I had to forgive first; not just her but myself. What I learnt on this journey to understanding was long and hard. When I came to terms with the reality of human nature, none of us are perfect. I believe we do better when we know better. She didn’t learn what she needed to make good decisions in the raising of her child. She grew and learnt as she moved through life too.
I am so grateful we both moved past the damage we had experienced earlier in life and came to share an amazingly kind, loving and gentle life together; despite those who would have liked to destroy us and didn’t trust the real bond of a mother and daughter. Love you mum! I feel such gratitude for you. Rest in peace.
Some people think life is just a game of chess!

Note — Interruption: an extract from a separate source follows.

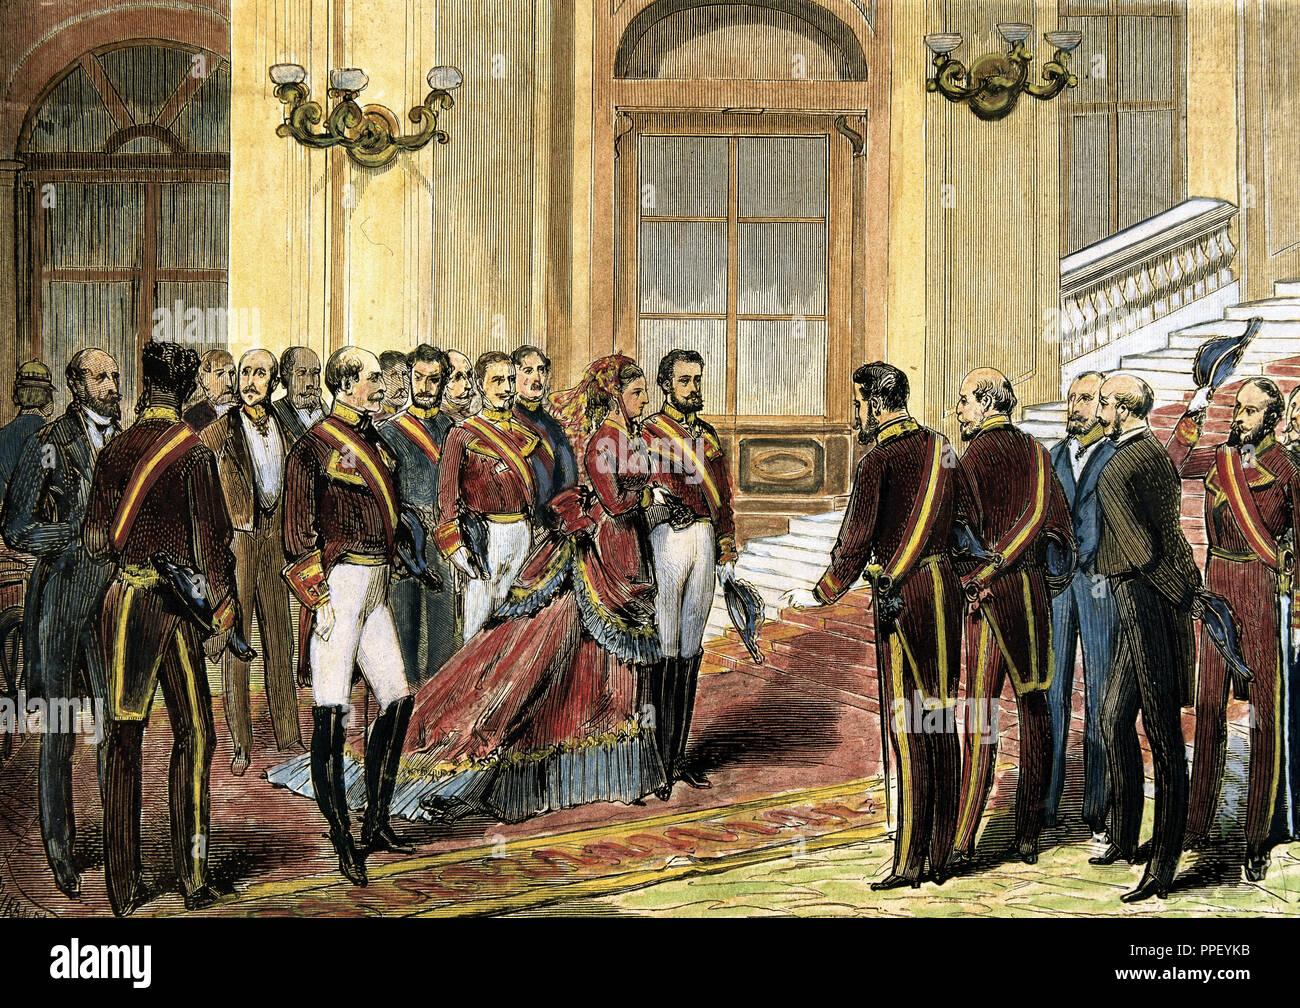 Reinado De Amadeo I Rey De España 1871 1873 Entrada En Palacio De S M La Reina

If it is I don’t play very well.
My brain is very simple; I don’t sit and calculate my moves. I come from the heart. I move through life in a more organic way. You can’t play chess from that mindset. Maybe that is why life has been so tricky for me. I actually always thought I would like to learn to play; I think it’s good for the brain. Perhaps it’s because I have a learning disability and words & sentences don’t always make sense to me. Life isn’t linear for me; my lenses into life is often times foggy and confused. I am smart but it’s more intuitive and picture oriented. It doesn’t make me bad, stupid, lazy and ornery but I see the world inside out. Maybe that’s why I don’t always understand why other people do what they do.

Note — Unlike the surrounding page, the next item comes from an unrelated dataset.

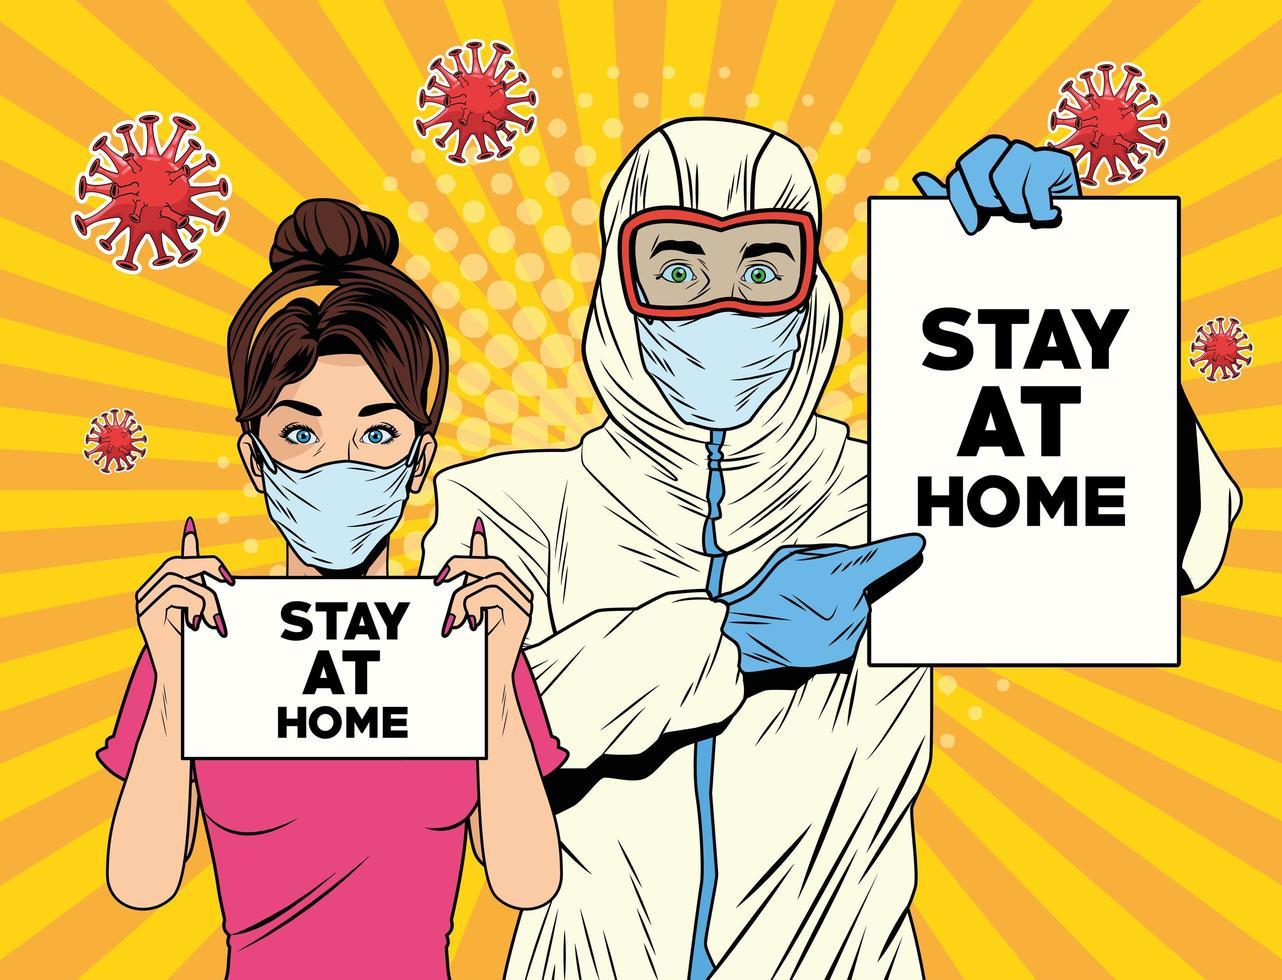 vrouw en een man met bioveiligheidspak vector

I have written, and will continue to write, on my ‘pages’ section about my mother’s background and mine. That may help in the understanding of why we made the decisions we did.
My mother and I went through some years of estrangement. In 2005 after much soul-searching and personal work on myself I contacted my mother via letters. We wrote back and forth for about 2 years. We then decided it was time to see each other again.
I know we don’t like saying “what if?. But I do wonder had I thought of the reunion between my mother and me as being a game of chess; being ready for the next move, perhaps things would have turned out differently.
How was I to know that what I actually did when I got off the Harbour Air flight from Vancouver to Victoria to see my mother was in fact batting the beehive. The Houston beehive. A family of people who seemed to already be calculating their moves before I even knew to brace myself.
If those crafty chess players rule the world I am in big trouble – oh yeah that’s right I am. I am heartbroken and my brain is tired of trying to figure out the next move.